1. Connect to Fiddler
2. Define Your Model Specifications
3. Add Your Model
4. Add Fairness Metrics
5. Publish Production Events
6. Get Fairness insights


# 0. Imports

In [None]:
!pip install -q fiddler-client

import fiddler as fdl
import pandas as pd
import yaml
import datetime
import time
from IPython.display import clear_output

print(f"Running Fiddler client version {fdl.__version__}")

# 1. Connect to Fiddler

Before you can add information about your model with Fiddler, you'll need to connect using our Python client.

---

**We need a few pieces of information to get started.**
1. The URL you're using to connect to Fiddler
3. Your authorization token

The latter two of these can be found by pointing your browser to your Fiddler URL and navigating to the **Settings** page.

In [None]:
URL = ''  # Make sure to include the full URL (including https://).
TOKEN = ''

Now just run the following code block to connect the client to your Fiddler environment.

In [None]:
fdl.init(
    url=URL,
    token=TOKEN)

Once you connect, you can create a new project by specifying a project name using Fiddler's [Project API](https://docs.fiddler.ai/client-guide/create-a-project-and-model#create-a-project).

In [None]:
PROJECT_NAME = 'credit_approval'

project = fdl.Project(
    name=PROJECT_NAME)

project.create()

# 2. Define Your Model 

In this example, we'll be considering the case where we're a bank and we have **a model that predicts credit approval worthiness**.
  
In order to get insights into the model's performance, **Fiddler needs a small  sample of data that can serve as a baseline** for making comparisons with data in production.


---


*For more information on how to design a sample dataset, [click here](https://docs.fiddler.ai/client-guide/creating-a-baseline-dataset).*

In [None]:
PATH_TO_CSV = '/Users/anushrav/Projects/fiddler-examples/quickstart/data/v3/intersectionally_unfair_events.csv'

events_df = pd.read_csv(PATH_TO_CSV)
sample_df = events_df.sample(50)
sample_df

### 2.a Define Model Specification
In order to add your model to Fiddler, simply create a ModelSpec object with information about what each column of your data sample should used for.

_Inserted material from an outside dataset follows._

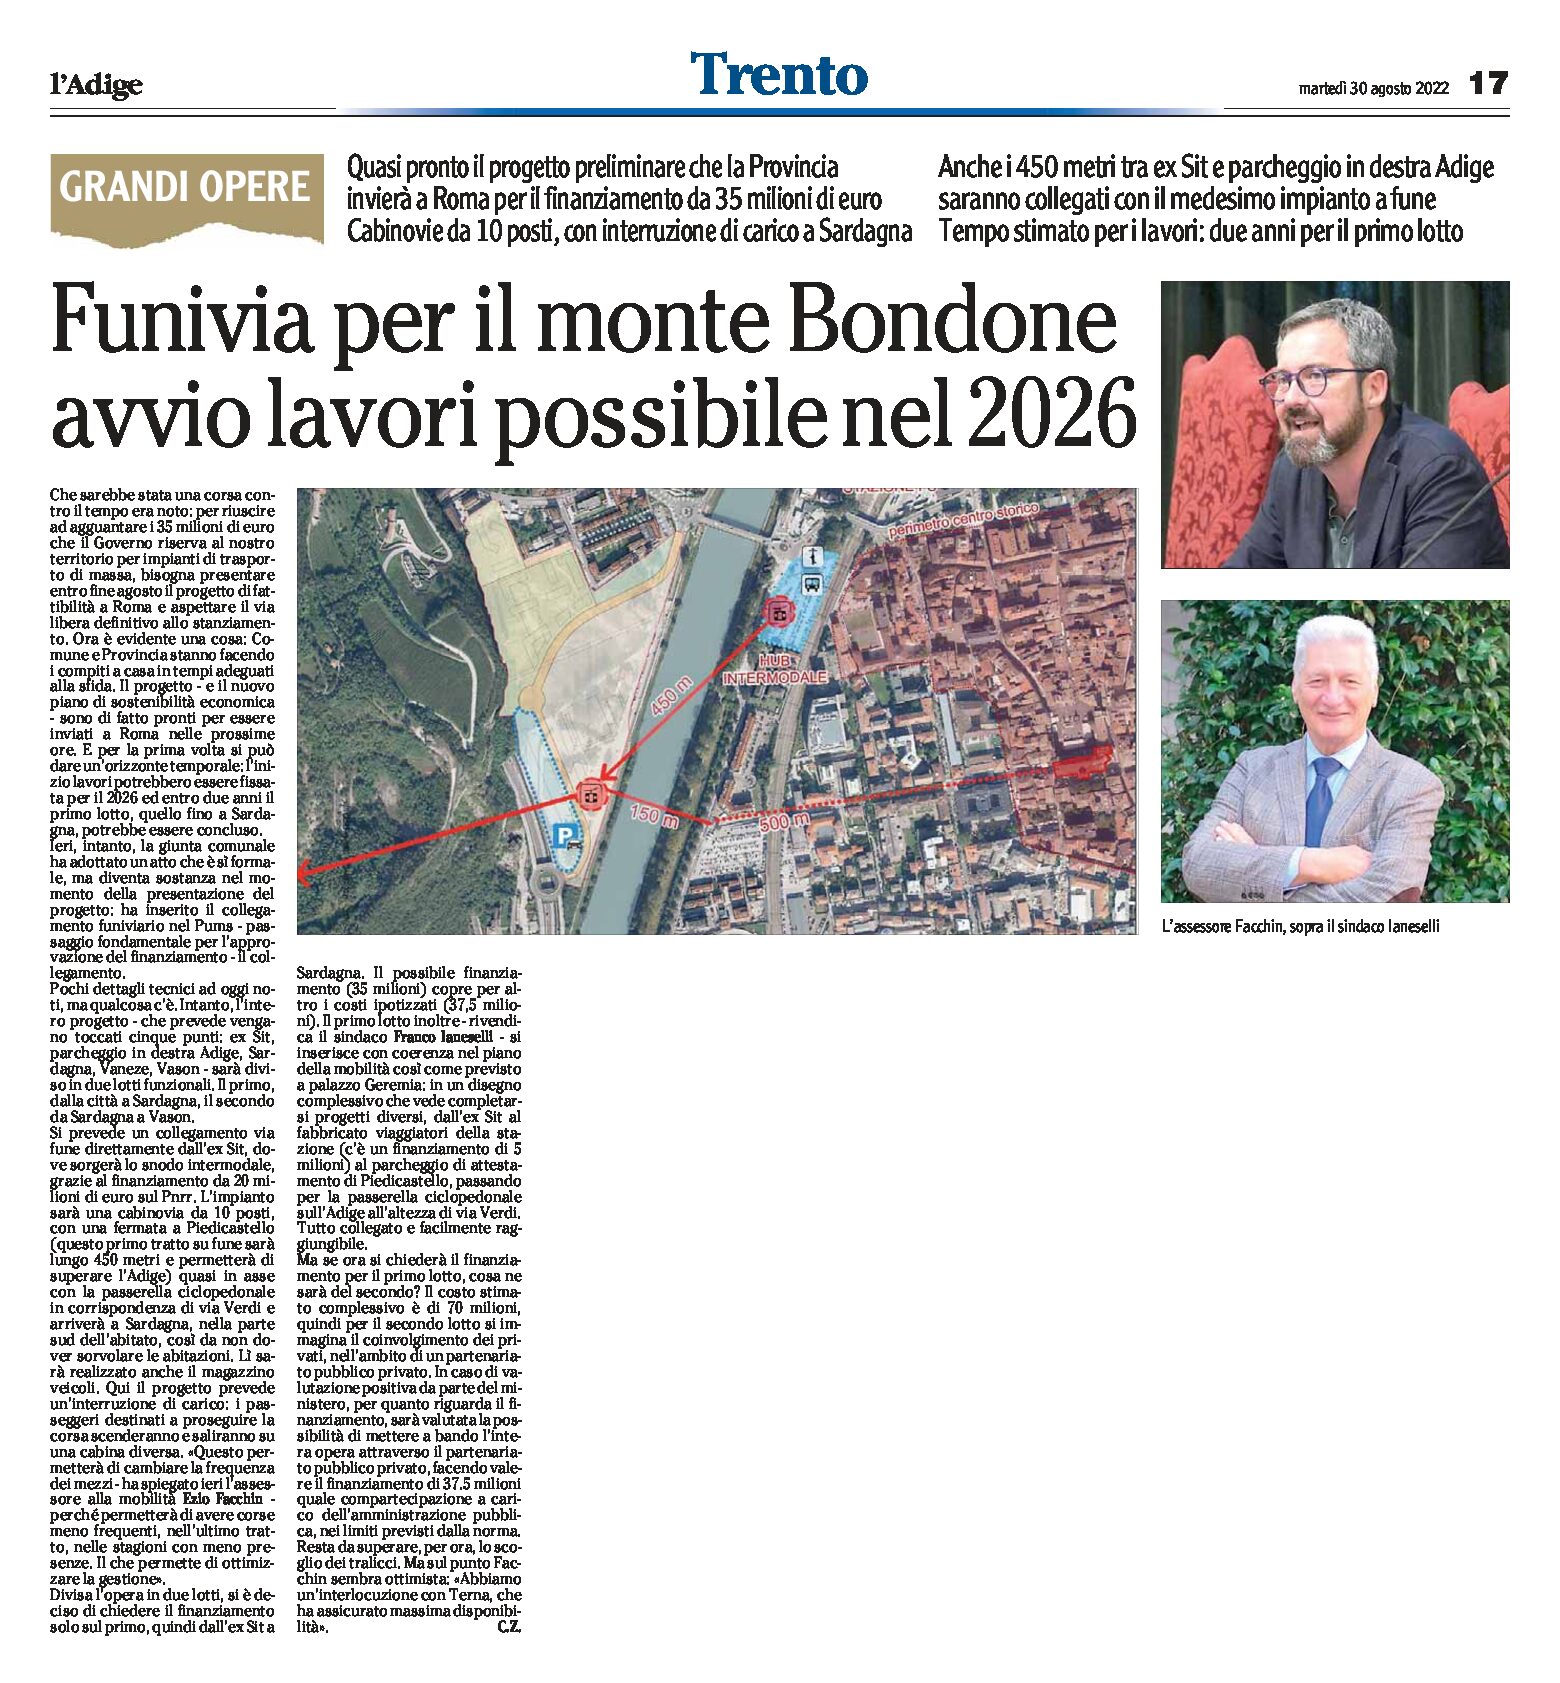 Funivia Trento-Bondone: avvio lavori possibile nel 2026

Fiddler supports four column types:
1. **Inputs**
2. **Outputs** (Model predictions)
3. **Targets** (Ground truth values)
4. **Metadata**

In [None]:
model_spec = fdl.ModelSpec(
    inputs=['flag_own_car', 'flag_own_realty', 'name_income_type',
       'name_education_type', 'name_family_status', 'name_housing_type',
       'days_birth', 'days_employed', 'cnt_fam_members', 'income', 'paid_off',
       '__of_pastdues', 'no_loan'],
    outputs=['approve_probability_of_credit_request'],
    targets=['target'],
    metadata=['gender','race'])

### 2.b Define Model Task

Fiddler supports a variety of model tasks. In this case, we're adding a binary classification model.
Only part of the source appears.